La Turquie "va boycotter" les appareils électroniques américains

Xavier Trudeau
Août 14, 2018

Auparavant, le Président turc avait déclaré que son pays ne perdrait pas "la guerre économique". Dans l'espoir de rassurer les marchés, la banque centrale de Turquie a annoncé lundi qu'elle fournirait toutes les liquidités dont les banques auraient besoin et prendrait les "mesures nécessaires" pour assurer la stabilité financière.

Le président turc est reparti ce mardi à la charge contre les Etats-Unis accusé d'avoir provoqué le chute de la livre turque, en annonçant le boycott des produits électronique américain.

Les turbulences entre la Turquie et les Etats-Unis ont mis au supplice la livre turque qui s'est effondrée ces derniers jours et a ainsi perdu plus de 40% de sa valeur face à l'euro et au dollar depuis le début de l'année.

Gagnées par l'onde de choc de ce "Vendredi noir", qui a vu la livre perdre quelque 16% de sa valeur face au billet vert, les Bourses de Tokyo et de Hong Kong ont fortement baissé lundi. Cette dépréciation s'est ressentie sur les performances asiatiques de ce début de semaine tandis que les principales places européennes, déjà affectées vendredi, ont été fébriles hier.

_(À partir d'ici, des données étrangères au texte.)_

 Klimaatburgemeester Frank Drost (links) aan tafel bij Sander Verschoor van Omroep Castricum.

La Bourse de Tokyo se ressaisissait mardi à l'ouverture.

La déroute de la livre s'est accélérée au cours des deux dernières semaines en raison de la grave crise dans les relations entre Ankara et Washington liée à la détention en Turquie d'un pasteur américain, Andrew Brunson. "S'ils ont des iPhones, il y a des Samsung de l'autre côté", a lancé Recep Tayyip Erdogan lors d'un discours à Ankara.

Vendredi, la crise diplomatique a franchi un palier supplémentaire lorsque le président américain Donald Trump a annoncé qu'il donnait son accord pour le doublement des taxes à l'importation sur l'acier et l'aluminium turcs, envoyant la livre turque par le fond.

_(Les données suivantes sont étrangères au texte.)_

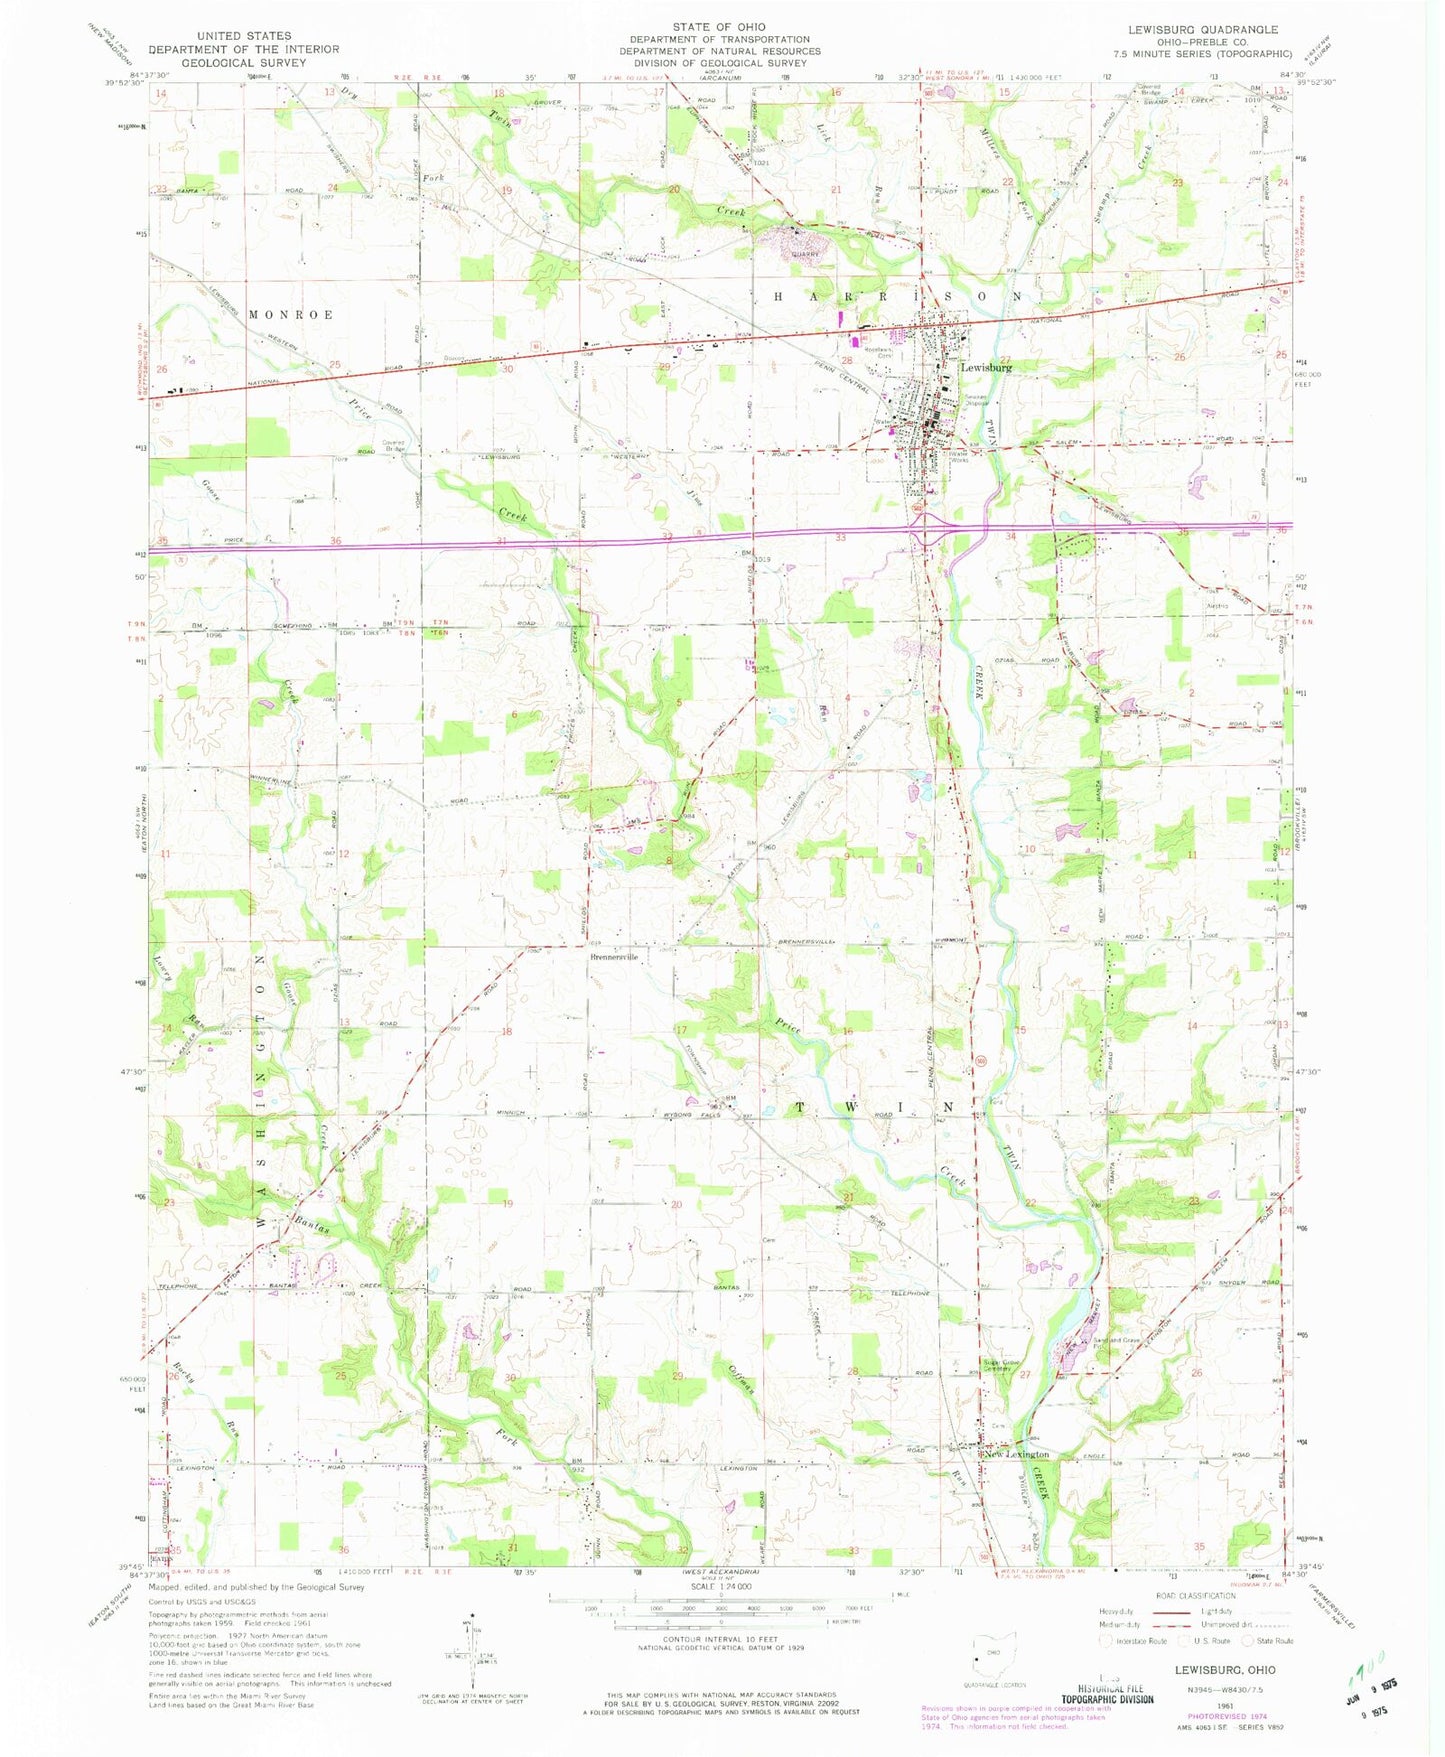 Classic USGS Lewisburg Ohio 7.5'x7.5' Topo Map Image

Outre ces problèmes diplomatiques, les économistes s'inquiètent de la mainmise sur l'économie de M. Erdogan qui s'est renforcée après sa réélection en juin dernier.

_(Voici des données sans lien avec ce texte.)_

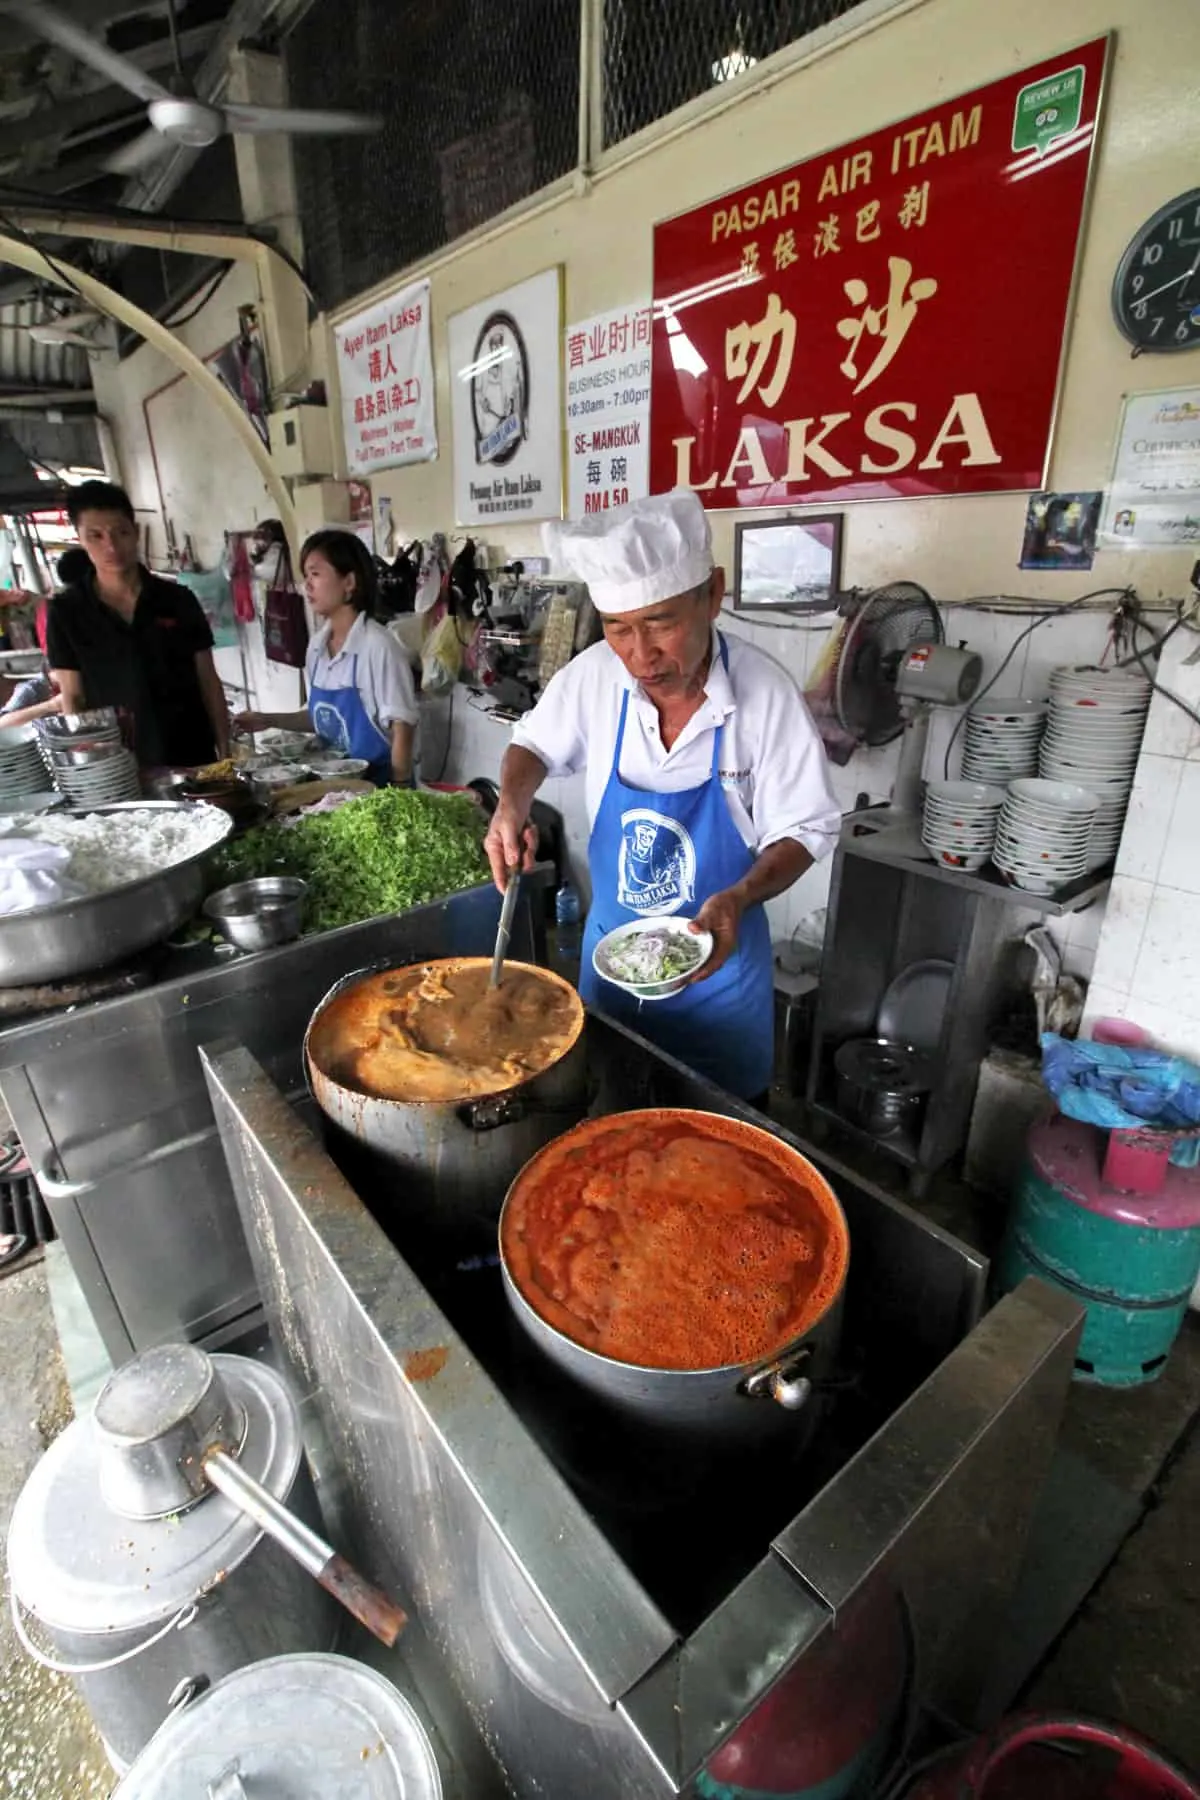 Restoran penang street food

Pas sans aide Les marchés exhortent la banque centrale à relever davantage ses taux d'intérêt pour soutenir la livre et maîtriser une inflation galopante qui a atteint près de 16 % en juillet en glissement annuel, mais le président s'y oppose. Avec une économie surchauffée et endettée, la Turquie aura besoin de politiques économiques crédibles et orthodoxes, de discipline budgétaire et de l'indépendance de la banque centrale pour inverser la situation actuelle", a expliqué à l'AFP Agathe Demarais, de l'Economist Intelligence Unit, jugeant " peu probable " une normalisation dans l'immédiat des relations avec Washington". En dépit de l'ampleur de cette crise monétaire, les principaux journaux et les chaînes d'information en Turquie couvrent a minima les tourments de la livre et reprennent en chœur les éléments de langage de M. Erdogan, qui a traité les internautes ciblés par le ministère turc de l'Intérieur de " terroristes économiques ". "Touché, coulé, il n'y a rien de tel. Les dynamiques économiques de la Turquie sont solides, elles sont fortes et bien ancrées", a martelé le chef de l'Etat turc.